● **Action item**
Return exactly the lines of the data below, from the one that contains "Amalfi 7 Piece" through the final line, and leave out every picture.

● **Information provided**
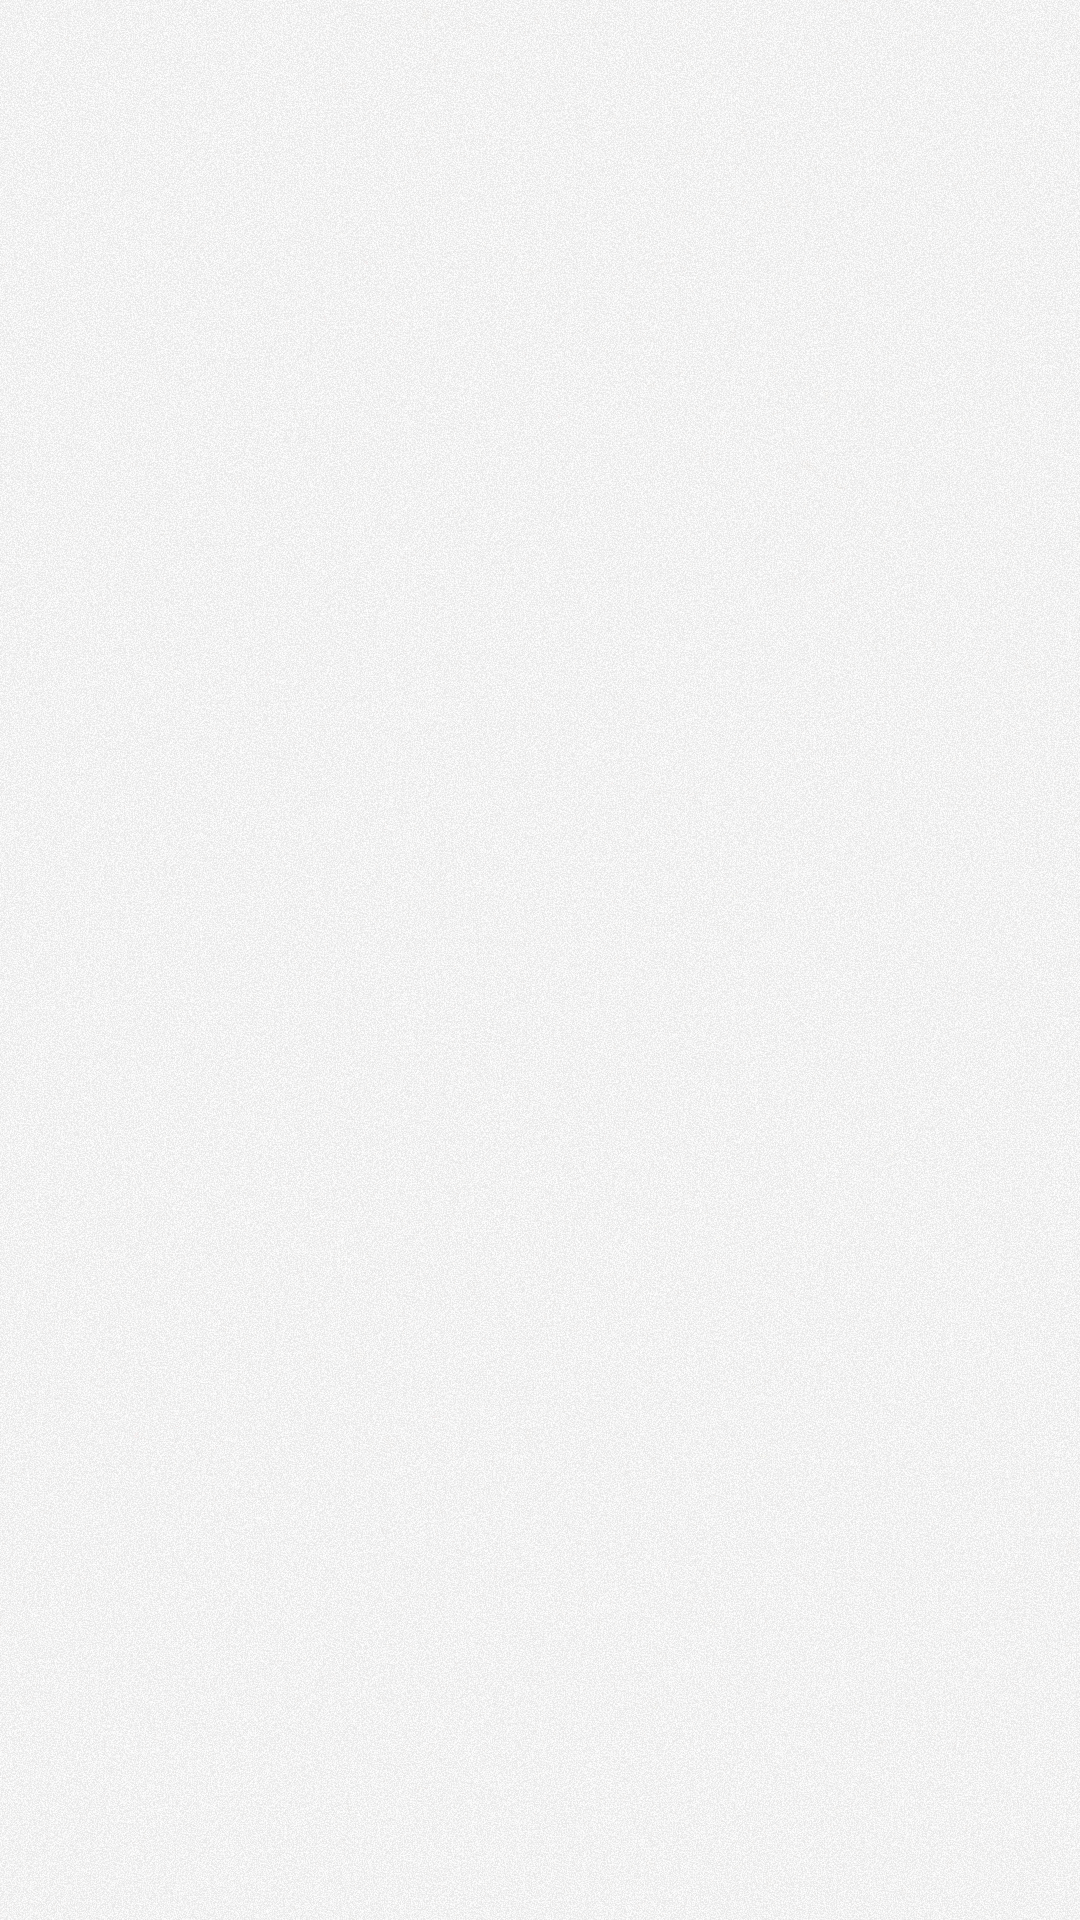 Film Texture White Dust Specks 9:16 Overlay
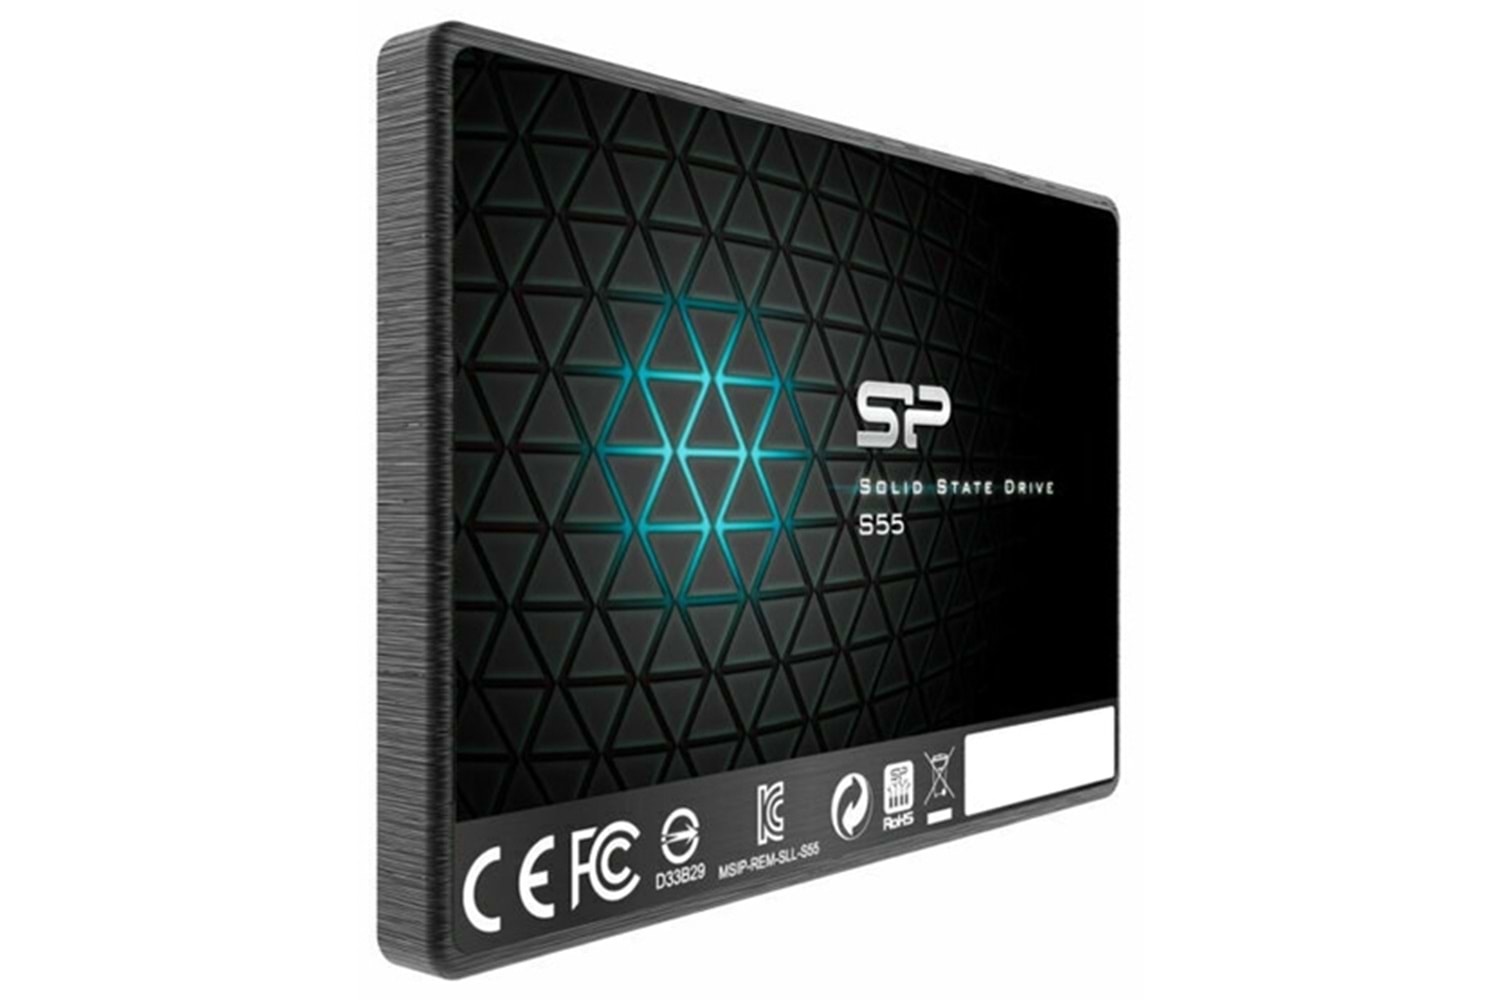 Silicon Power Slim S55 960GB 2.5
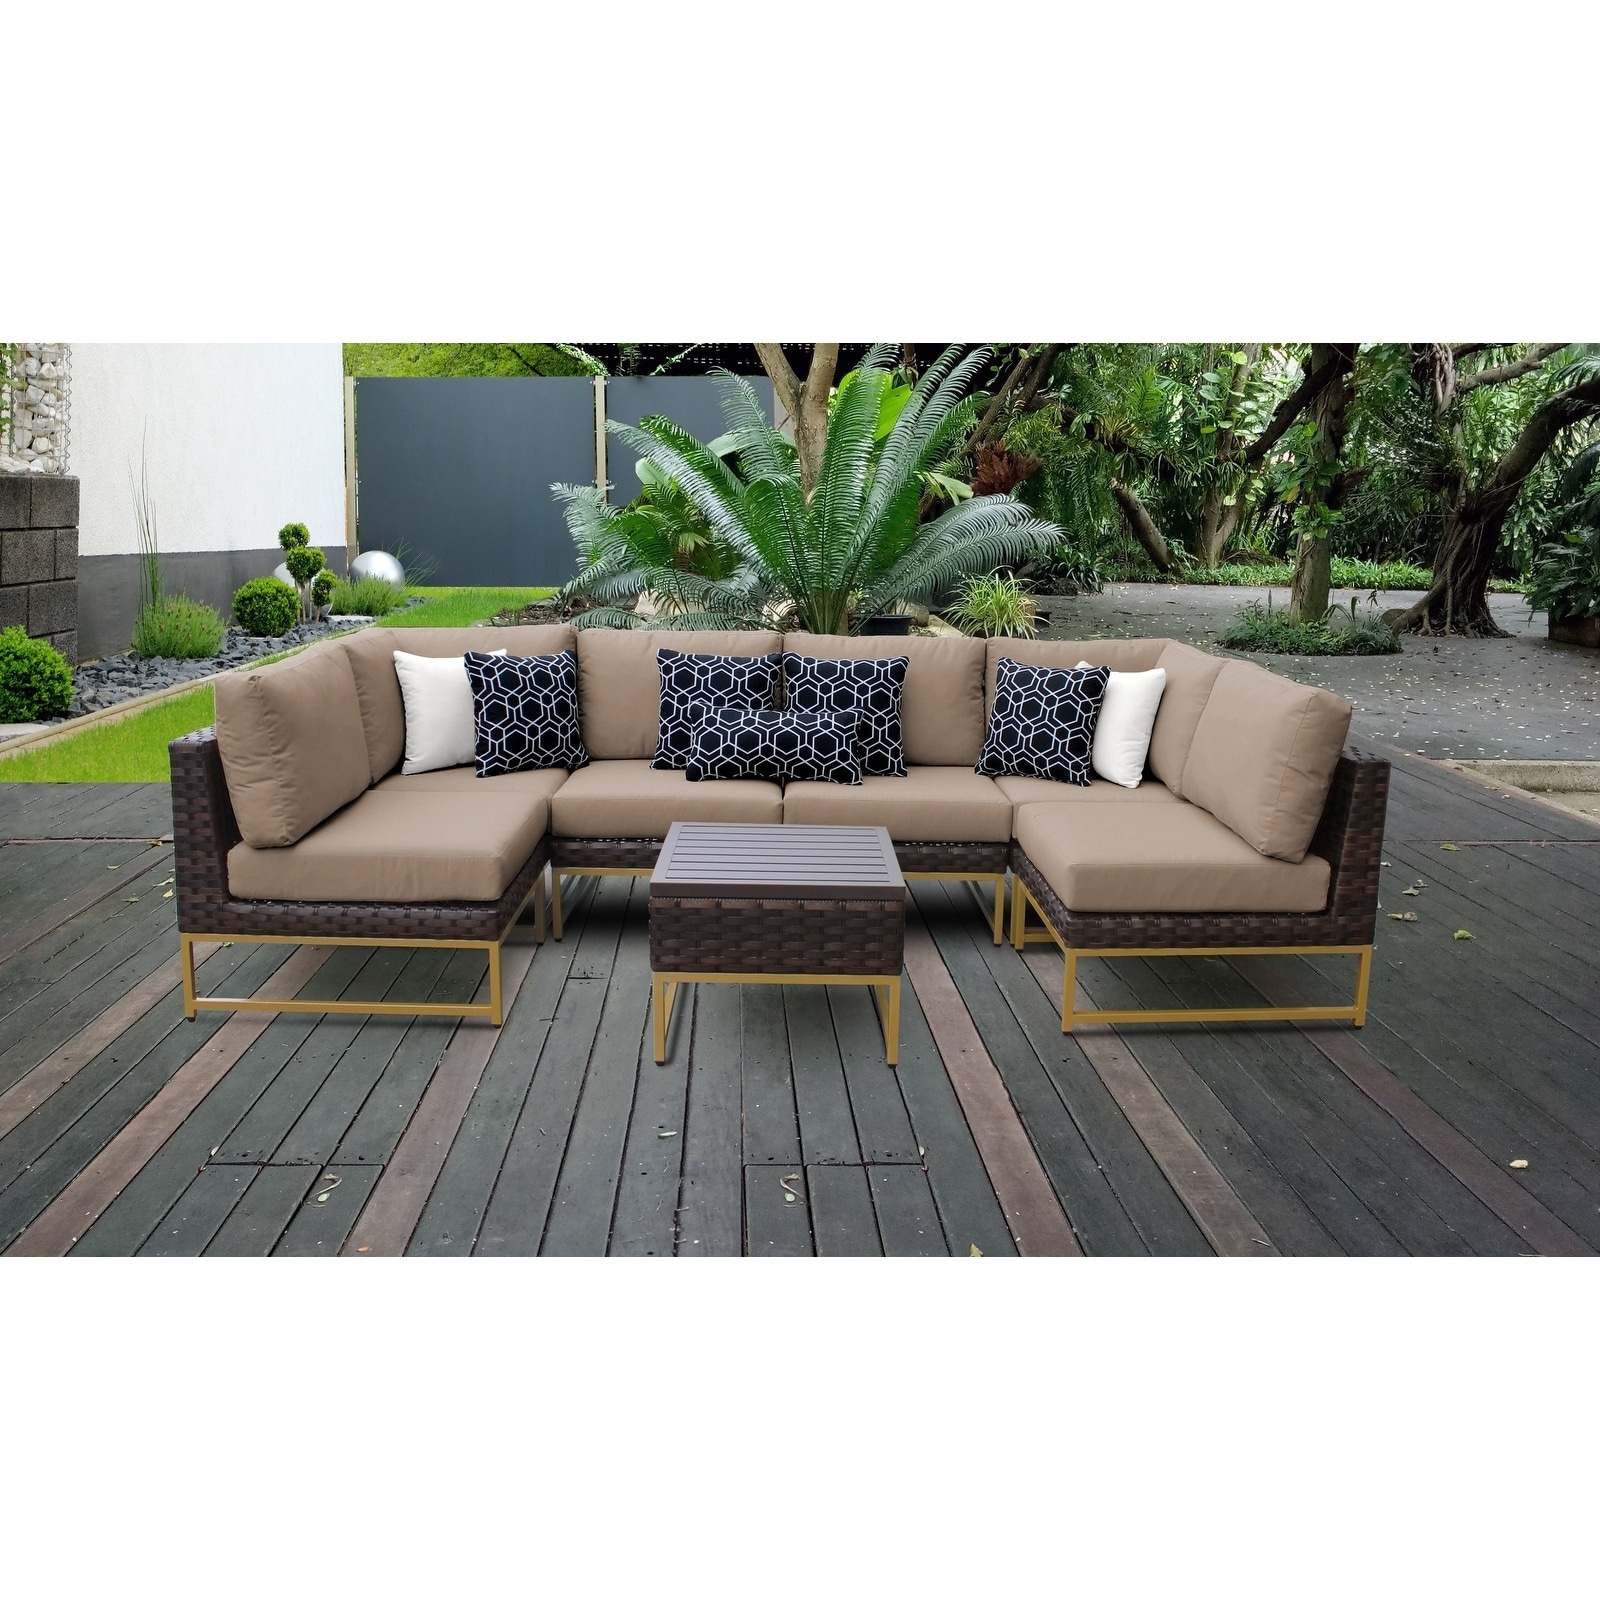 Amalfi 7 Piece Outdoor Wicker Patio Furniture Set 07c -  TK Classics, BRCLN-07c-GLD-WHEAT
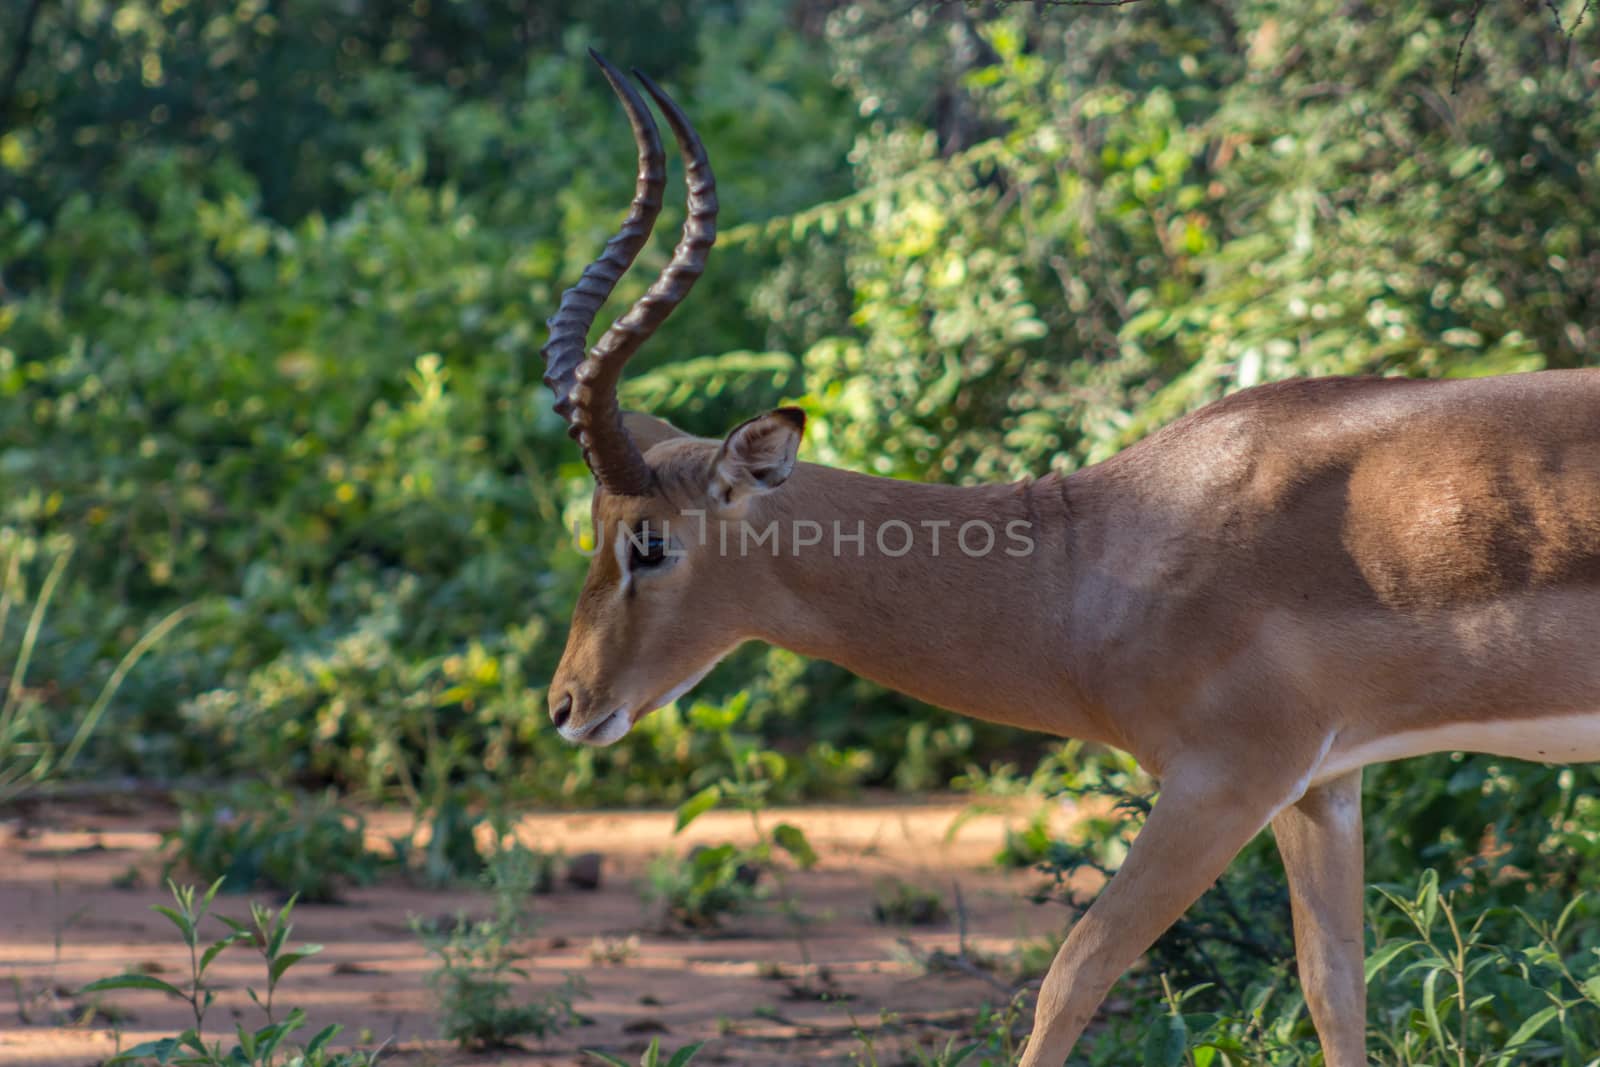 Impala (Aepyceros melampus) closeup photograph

● **Result**
 Amalfi 7 Piece Outdoor Wicker Patio Furniture Set 07c -  TK Classics, BRCLN-07c-GLD-WHEAT
 Impala (Aepyceros melampus) closeup photograph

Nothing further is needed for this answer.